The troubled Broadway musical "Spider-Man: Turn Off the Dark" was plagued by its fourth accident since it began previews last month when an actor performing an aerial stunt fell about 30 feet, fire officials said.
Amid the fall-out over the latest incident (video below), Actors Equity Association said they would ensure the performances did not continue until appropriate safety measures were implemented. It also said that the cause of the accident appears to be "human error."
In a statement, the union said they are "working with management and the Department of Labor to ensure that performances will not resume until back-up safety measures are in place."
Later, a spokesman for the musical said the Spider-Man company had met with the union, the labor department and the city's Occupational Safety and Health Administration and determined that those safety "measures would be enacted immediately."
In the meantime, spokesman Rick Miramontez said Wednesday's matinee would be rescheduled, but the evening performance and all subsequent performances would proceed as planned.
Firefighters were called to the Foxwoods Theatre at about 10:45 p.m. Monday after the 31-year-old actor fell near the end of the latest preview performance. He was taken to Bellevue Hospital.

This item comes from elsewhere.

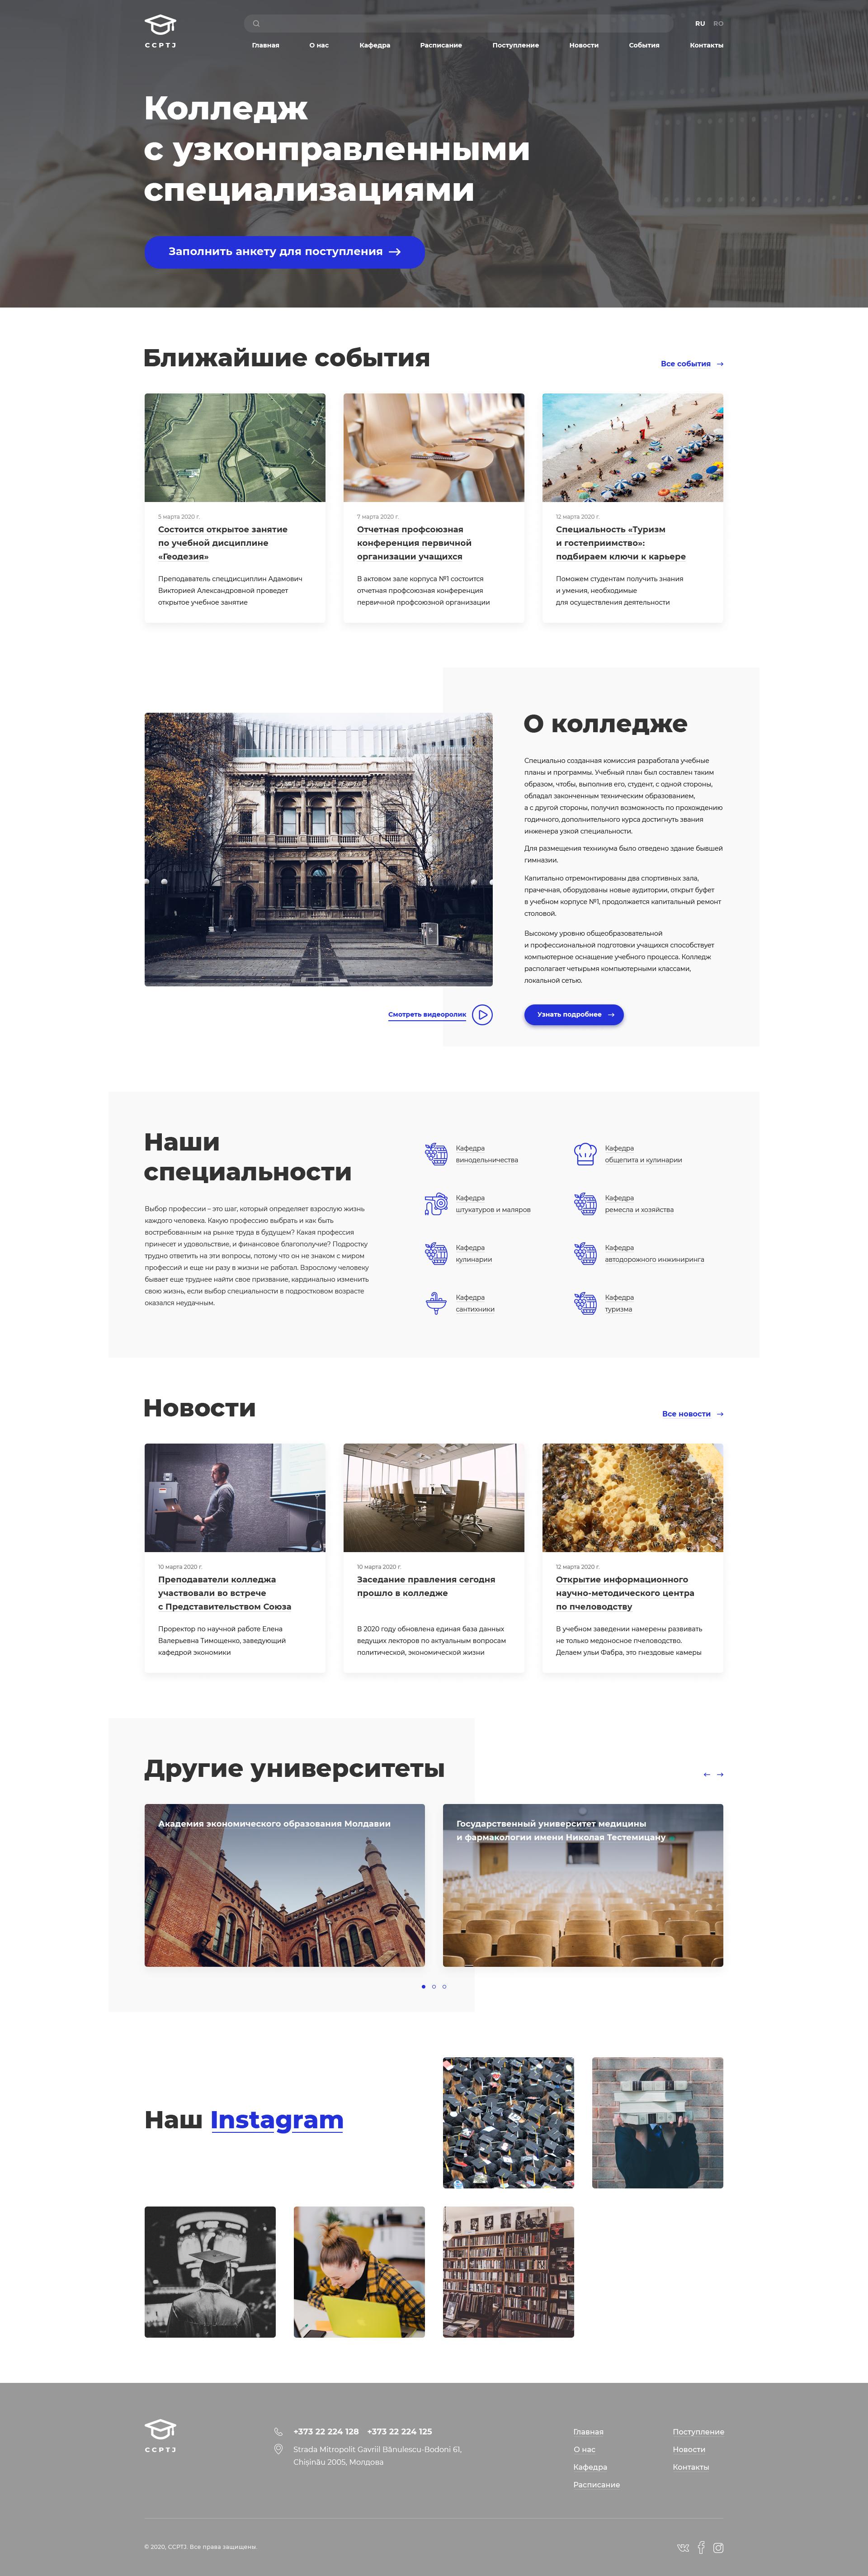 Разработка дизайна сайта колледжа фото f_7365e694cecc6fc5.jpg

Police did not release the actor's name, but a performer in the show identified him as Christopher Tierney. The performer spoke on condition of anonymity because the performer was not authorized to speak publicly about the accident.
Christopher Tierney was listed in serious condition at Bellevue Hospital, officials said.
Tierney is the show's main aerialist and performs stunts for the roles of Spider-Man, and the villains Meeks and Kraven.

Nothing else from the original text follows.